Pergolakan besar-besaran setelah era Xabi Alonso, yang membawa Bayer Leverkusen meraih gelar ganda pada tahun 2024, telah “dikelola dengan baik”, tegas Rolfes – meskipun konsistensi masih kurang.
“Itu bukan penyesuaian; itu adalah pembangunan kembali yang besar. Para pemain harus beradaptasi dengan klub dan liga, tetapi banyak dari mereka mampu menjadi pemain top,” kata Rolfes: “Berdasarkan skuad baru ini, kami dapat meningkatkan diri setiap musim selama dua, tiga, atau empat tahun ke depan dan menjadi lebih mampu memenangkan gelar.”
“Standar telah berubah.”
Peningkatan citra dari masa-masa bersama pelatih sukses Alonso telah “secara alami mengubah standar”, tetapi: “Kita tidak bisa membeli tim juara, kita harus mengembangkannya – jadi ada siklusnya. Meskipun demikian, kualitas kita saat ini tinggi: kita punya pemain yang tidak mungkin kita rekrut lima tahun lalu,” kata Rolfes.

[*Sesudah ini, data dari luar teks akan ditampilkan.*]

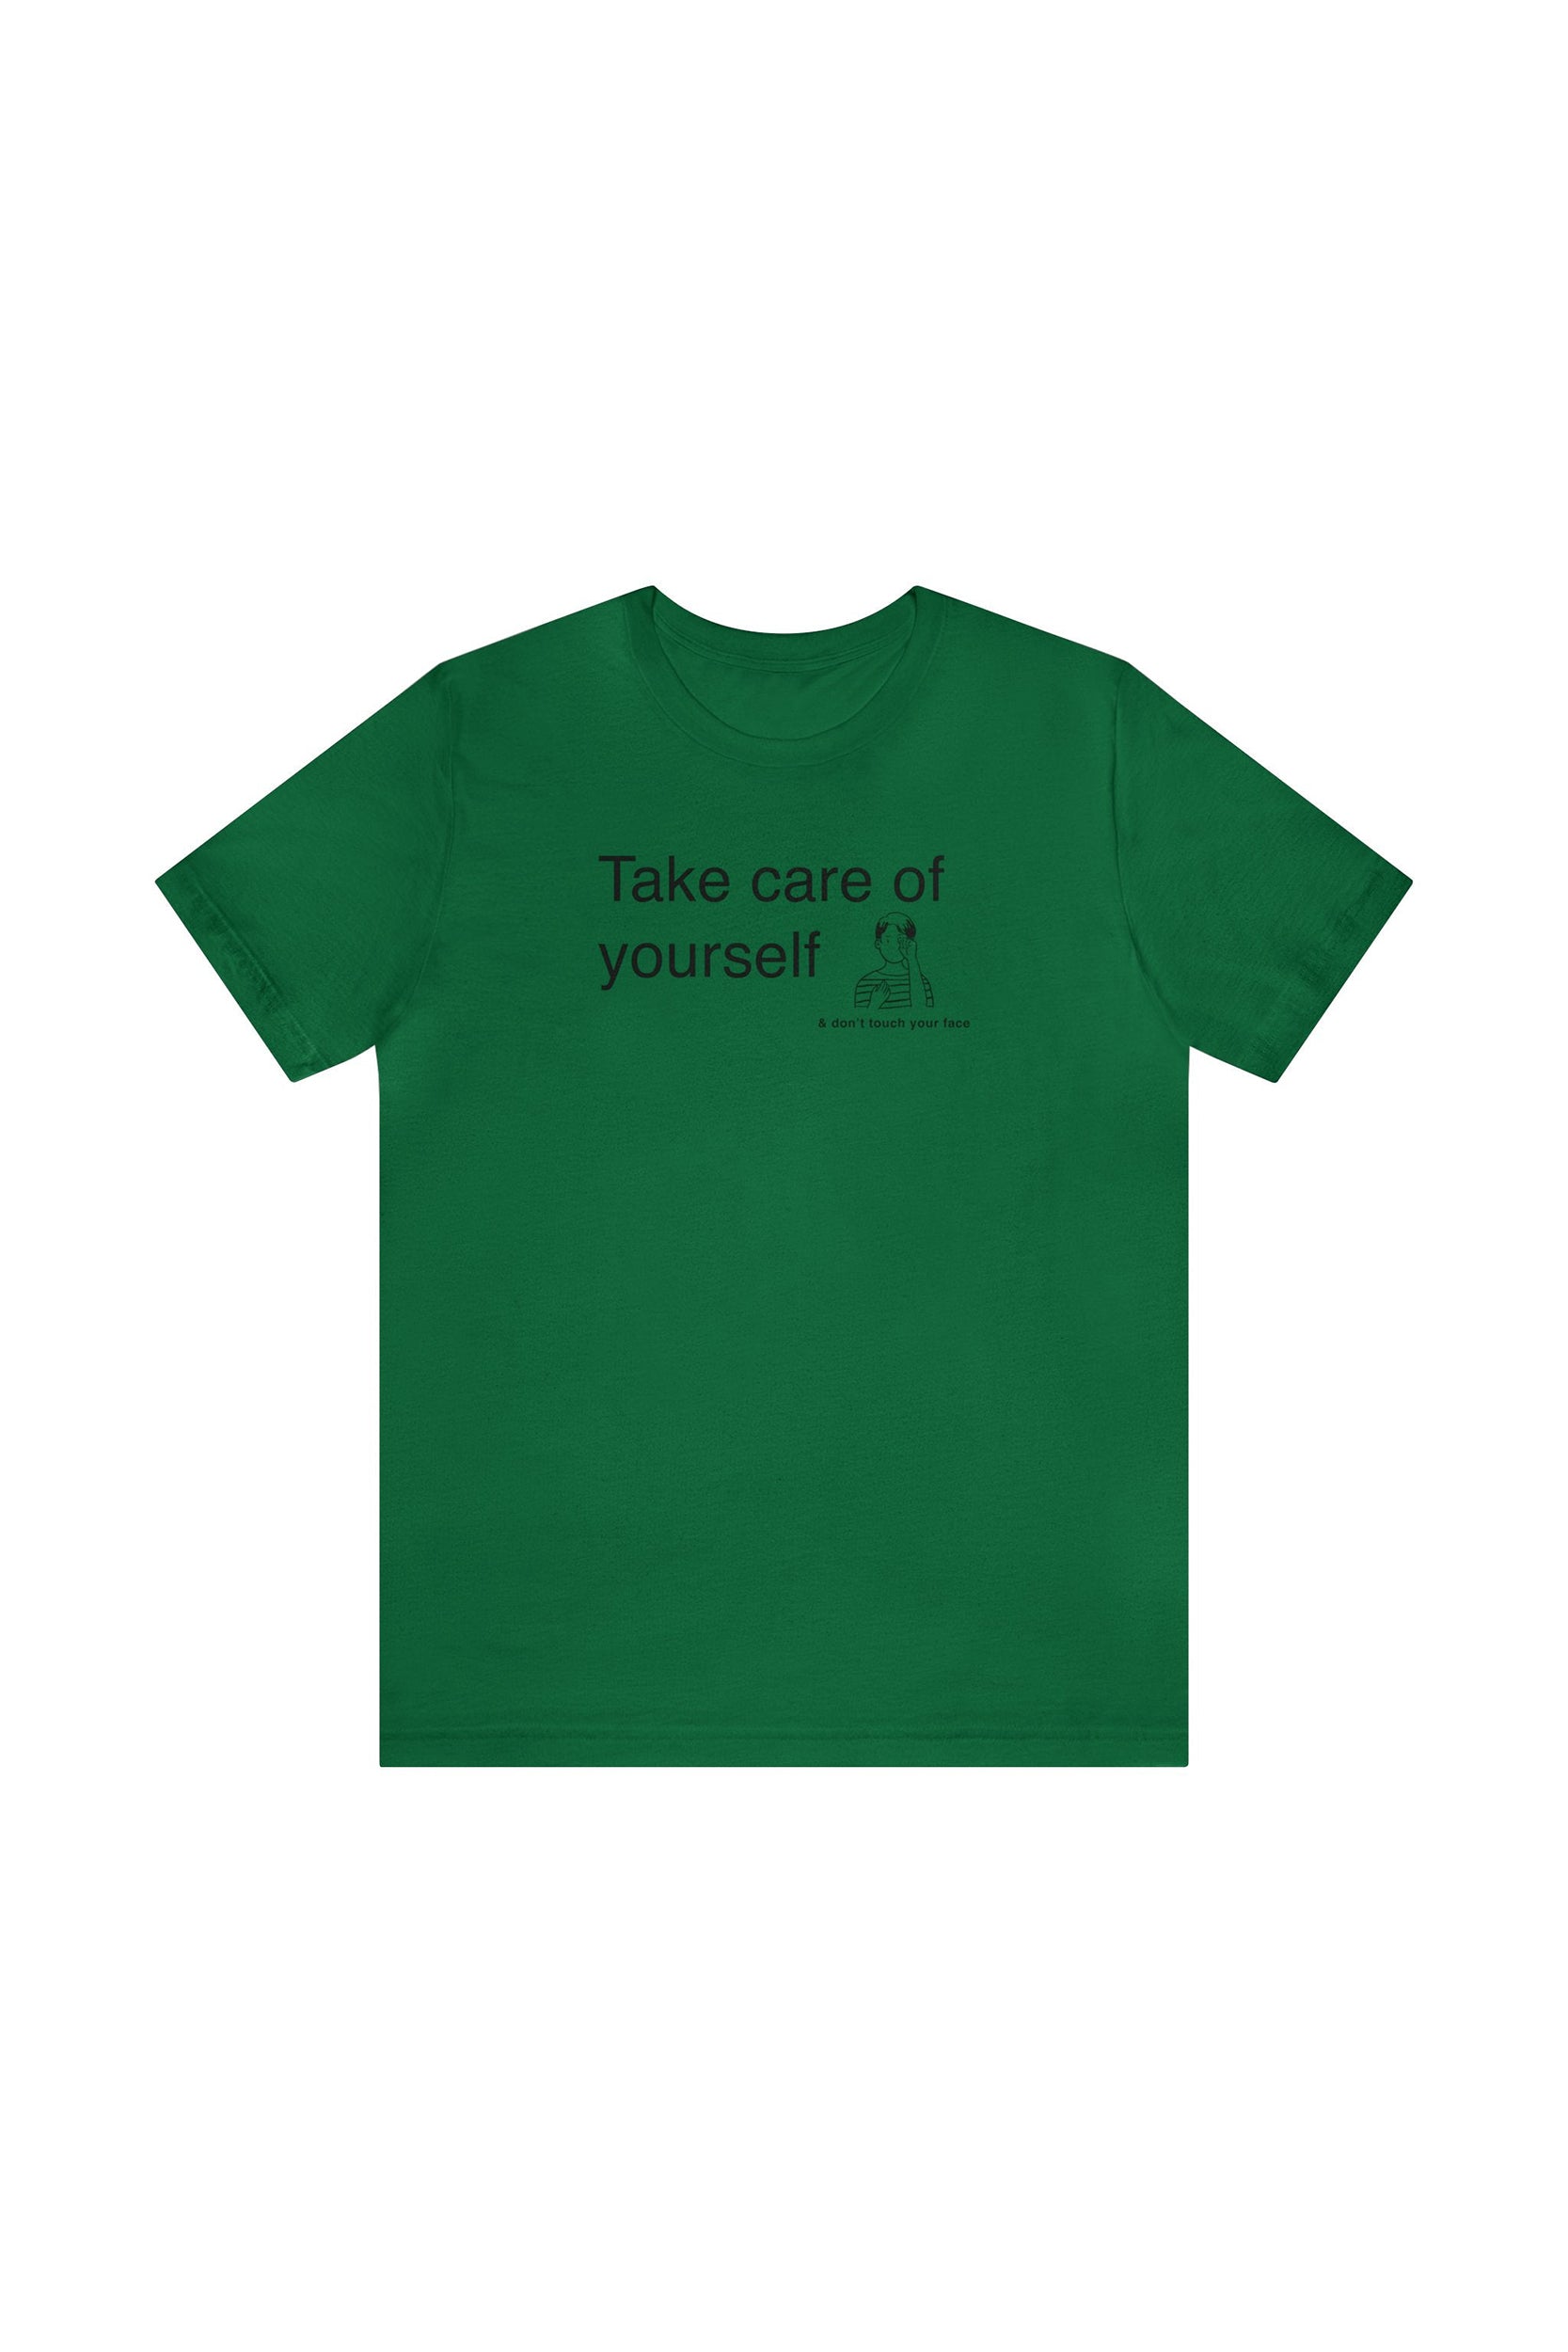 "Take Care of Yourself (and don't touch your face)" T-Shirt

Ia yakin bahwa Jarell Quansah dan Malik Tillman, khususnya, mampu membuat lompatan untuk menjadi pemain kelas dunia.
Alonso telah mencapai ini dengan kepindahannya ke Real Madrid di musim panas. “Kami masih memiliki banyak kontak. Fernando (Carro, direktur pelaksana Bayer; catatan editor) baru saja makan siang dengannya di Madrid. Kami memiliki kisah sukses yang fantastis bersama,” kata Rolfes.

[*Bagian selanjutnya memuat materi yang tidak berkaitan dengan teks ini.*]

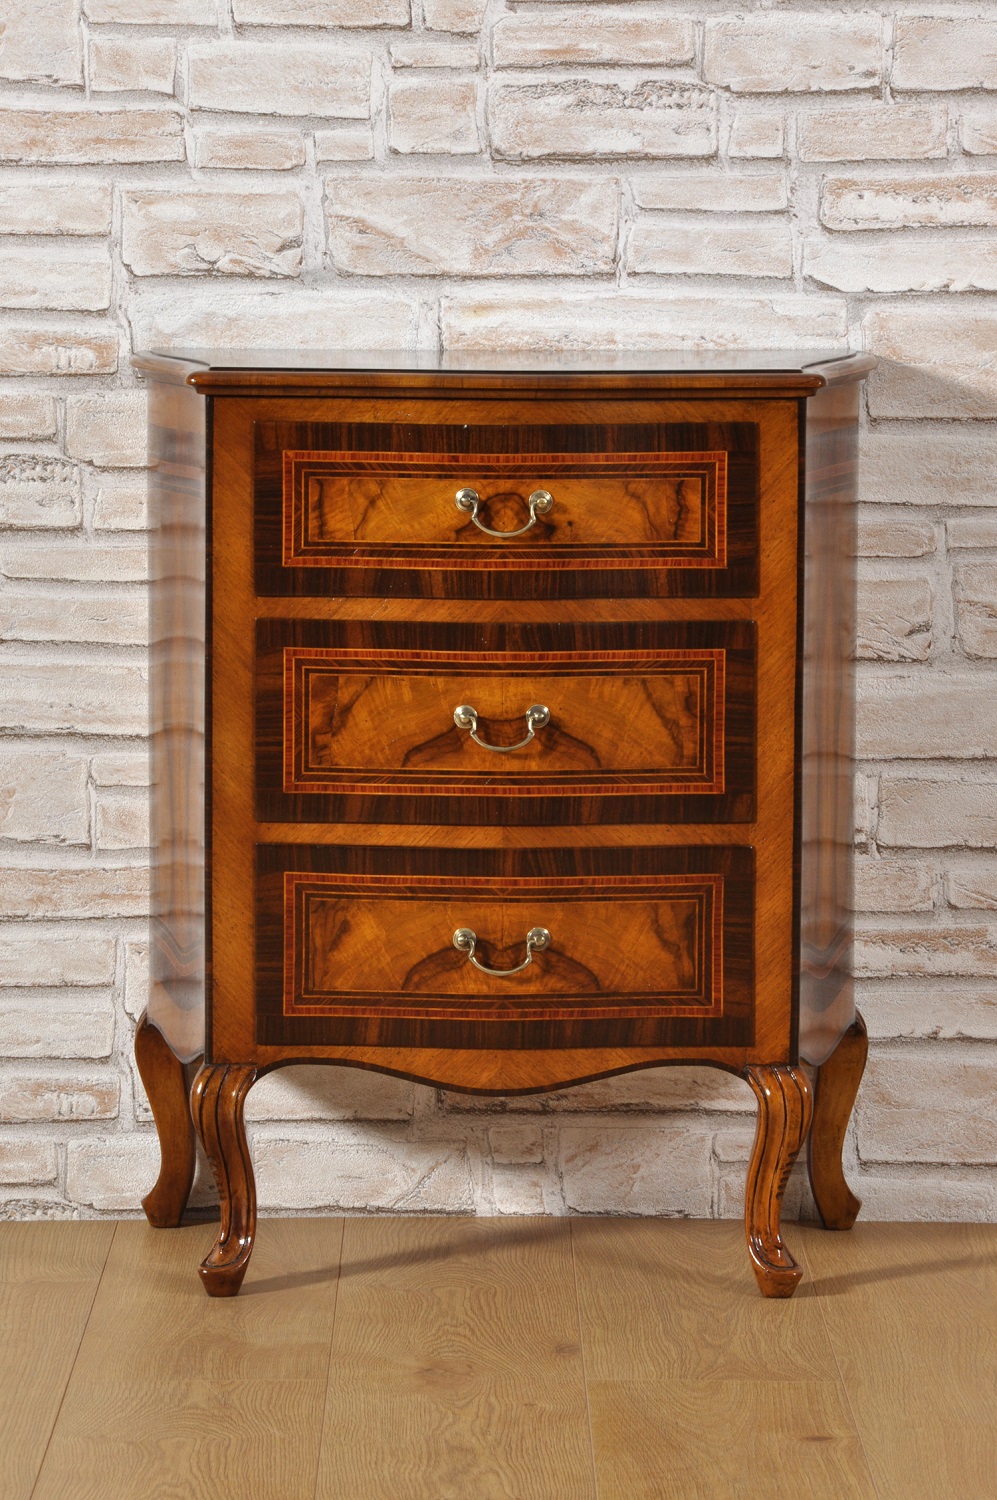 inlaid and shaped nightstand with carved legs in Lombard Venetian style, luxurious handmade custom made in Italy furniture, hand-polished with natural shellac and beeswax products

Pujian untuk pelatih Hjulmand
Persiapan dan awal musim bersama penerus Alonso, Erik ten Hag, berjalan kurang mulus. “Secara keseluruhan, kami tidak yakin bisa meraih kesuksesan bersama,” kata Rolfes, yang kini puas dengan Kasper Hjulmand: “Dia sangat komunikatif, memiliki pendekatan yang jelas, responsif terhadap asisten pelatihnya, dan berusaha dekat dengan tim.”
Namun, Rolfes masih membuka masa depannya. “Saya terus menikmati pekerjaan saya di sini dan perkembangan klub. Itu memotivasi saya. Pensiun sebagai pemain di sini bukan berarti saya juga akan pensiun sebagai manajer,” ujar pria berusia 43 tahun itu.